16 Logan May 6, 2012 at 10:19 pm

Awesome article, I’m very excited to read the next segment. I always strive to be a better listener, rather than just waiting for my chance to talk. The benefits are amazing!

17 J Vann May 6, 2012 at 11:51 pm

Great article, many people don’t listen these days. Listening can make you smarter, make life easier and help you to recall important events when you need them. Looking foward to part II.

18 Iain Goodart May 7, 2012 at 7:05 am

Great article. I am excited to hear the rest in the series. I was having a conversation with a friend the other day. He talks and talks and labours his point and when it comes to my turn to say something he talks right over what I am saying. When I asked him he said he does it to ‘help me understand his perspective’ instead of listening. I see this happening in schools too.

19 Tony May 7, 2012 at 12:18 pm

Theresa: Bravo for wanting to teach your children to listen well while they are still young! Because I teach high school sophomores and seniors I am accustomed to translating concepts into activities for students much older than your children. However, “practice makes perfect” is a solid concept no matter what the age of the learner. So here’s what I would suggest (although I confess there are probably others who would be much more qualified to suggest activities for children your age). While they might be a bit young for some of the more cognititve-heavy aspects of good listening habits, they are definiately at an age where they can practice focusing on a message and summarizing it. To make it fun, choose something they enjoy – cartoons, movies, books – and have them listen to the whole story without interupting to talk or play with something. When it’s over, have them explain it back to you. Ask them questions to help them hone it on the important details rather than relating back the story in its entirety. That allows them to practice the habit of not interupting and checking for understanding by summarizing. As they get older, you can get more involved with the body language and the response portions of listening. Hope that helps!
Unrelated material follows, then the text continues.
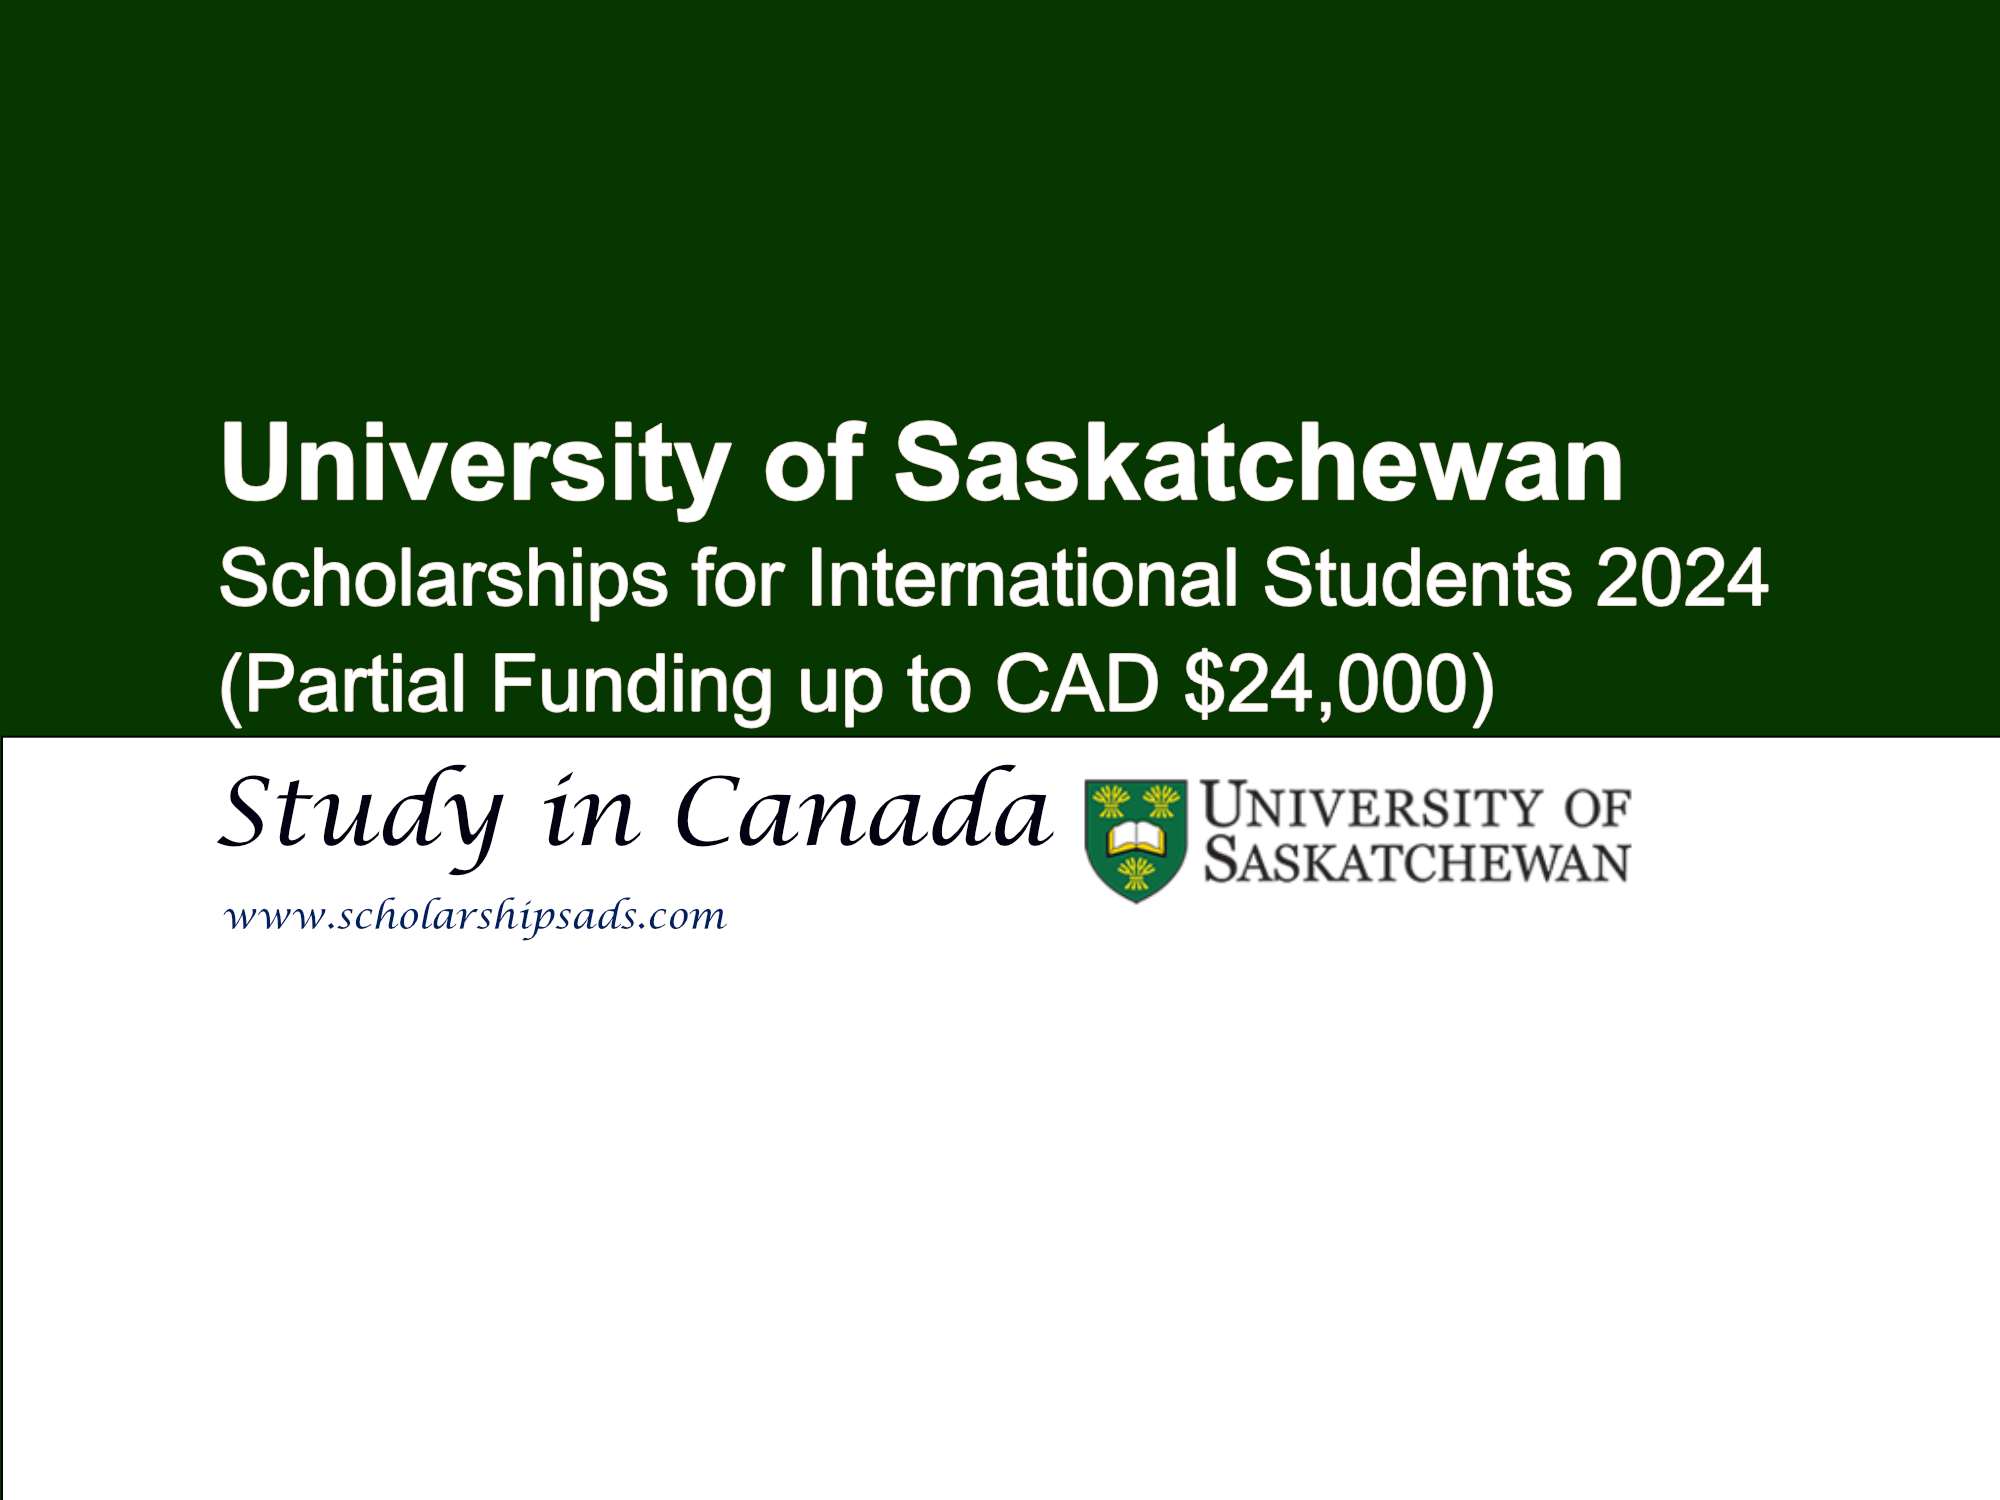  University of Saskatchewan Scholarships.

20 Sean Connolly May 11, 2012 at 2:18 pm

Where can I learn more about the “Rogerian Method”? I had heard of the techniques described above, but not called by that name.

21 Derrick May 13, 2012 at 4:28 pm

Don, the best way to hone your listening skills is to constantly apply them. Apply what you’ve learned, check your performance and then adjust accordingly so you are constantly getting better.

22 John May 20, 2012 at 3:41 am

Great article! I like the benefits you listed and how you broke them down. I’ve found in my life at some point they all came up. Now I try to be an active listener because when I talk I expect the same in return. Going to read Part II.

23 Mike October 9, 2012 at 8:41 pm

A very comprehensive guide to listening, a skill that most of us know we need to improve on. But it can smooth out edges of a relationship for sure

24 Lisa January 15, 2013 at 11:42 am

Great article! My husband is one of teh best listeners I have ever met, which means that people naturally gravitate toward him. One caveat though : “…listening does not mean that you need to rush in and “fix” whatever she might be telling you.”
Well… it might. I am a fixer, and if I am complaining about something it means I haven’t been able to find a solution on my own. I would suggest asking your partner nicely which it is that day!